Iwo Jima served as flagship for the Commander-in-Chief, George W. Bush, during Hurricane Katrina Joint Task Force, and is only the second Navy ship to have been presented the flag of the President of the United States.

2006
On 6 June 2006, Iwo Jima left her homeport of Norfolk, Virginia, and began a regularly scheduled six-month deployment to the U.S. European Command and U.S. Central Command area of responsibilities, as flagship for the Iwo Jima Expeditionary Strike Group, encompassing 6,000 sailors and Marines. The ship was also a part of the evacuation effort of American citizens from the conflict in Lebanon.

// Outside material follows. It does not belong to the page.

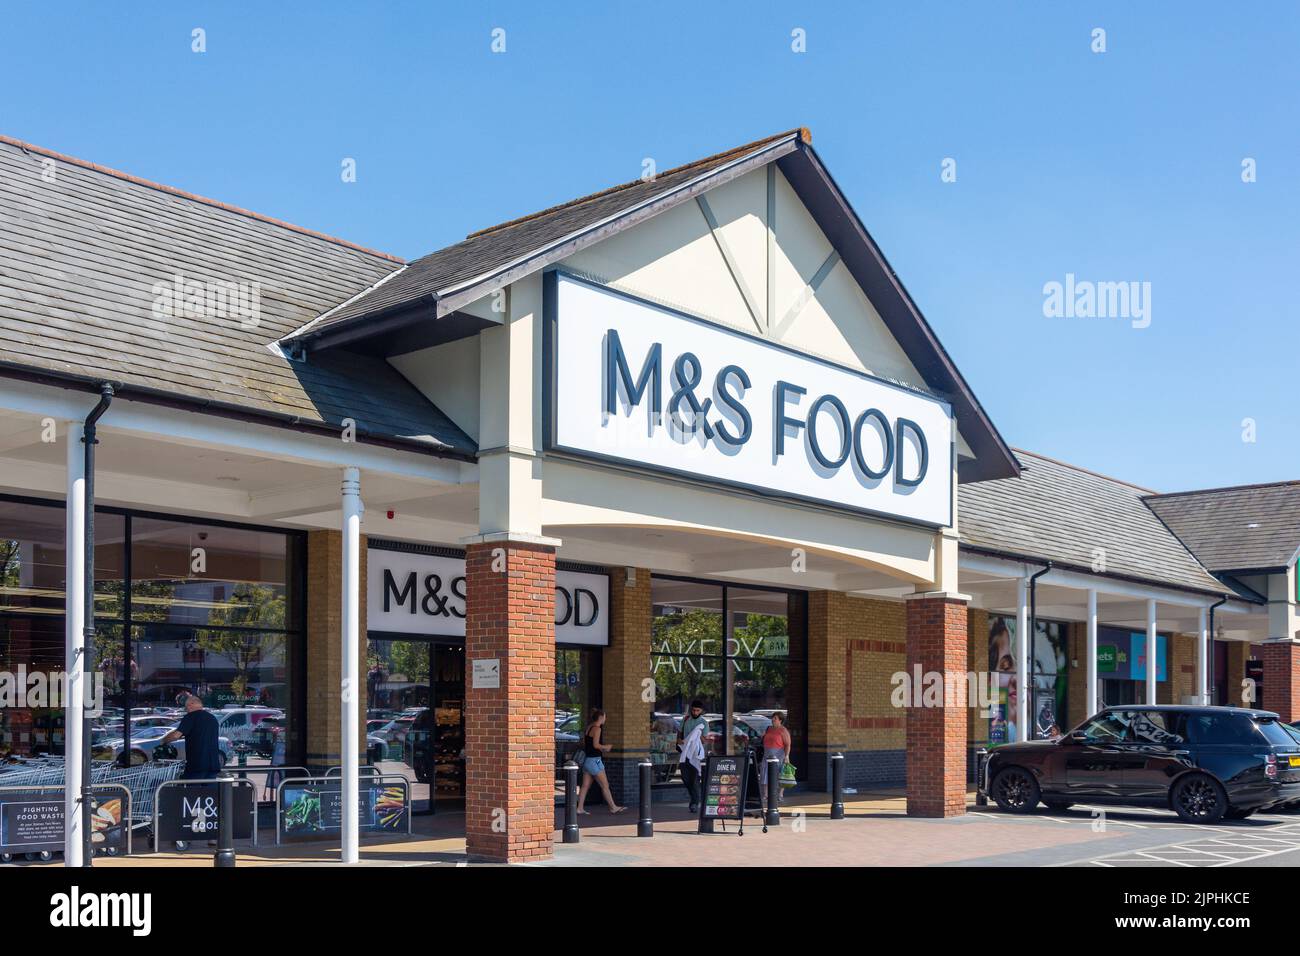 Entrada a M&S Food Hall, centro comercial Two Rivers, Staines-upon-Thames, Surrey, Inglaterra, Reino Unido Foto de stock
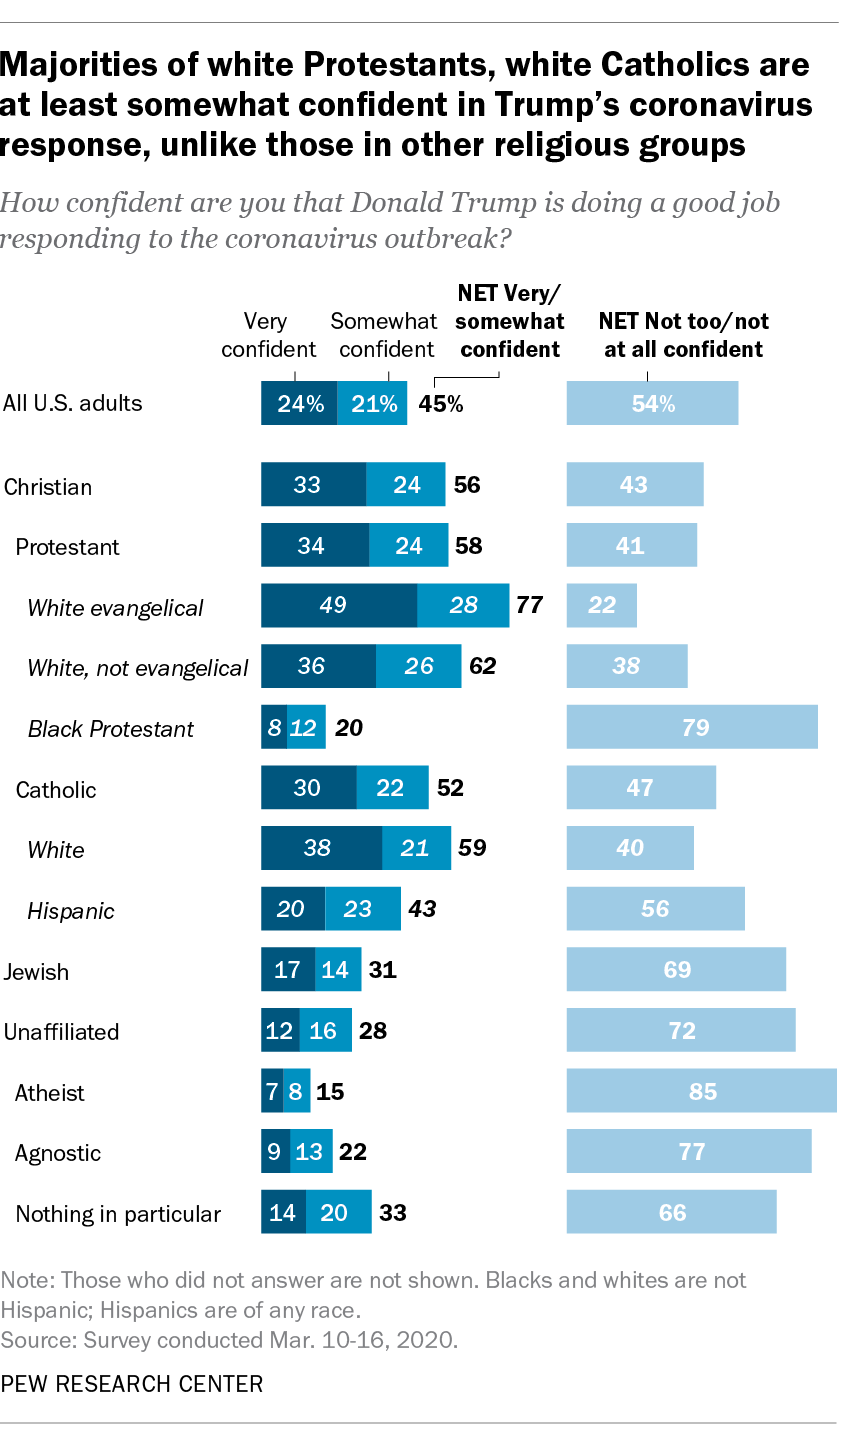 Majorities of white Protestants, white Catholics are at least somewhat confident in Trump's coronavirus response, unlike those in other religious groups

News reports on 15 July 2006 stated that Iwo Jima, flagship of the 24th Marine Expeditionary Unit, would be used to evacuate U. S. citizens from Lebanon after the Israeli Defense Force made the Beirut International Airport unusable through bombing its runways and fuel storage areas.

2007
On 16 February 2007, Iwo Jima was awarded the 2006 Battle "E" award.

2009-2012
In 2009, 2010, and 2011, Iwo Jima participated at the annual Fleet Week in New York City.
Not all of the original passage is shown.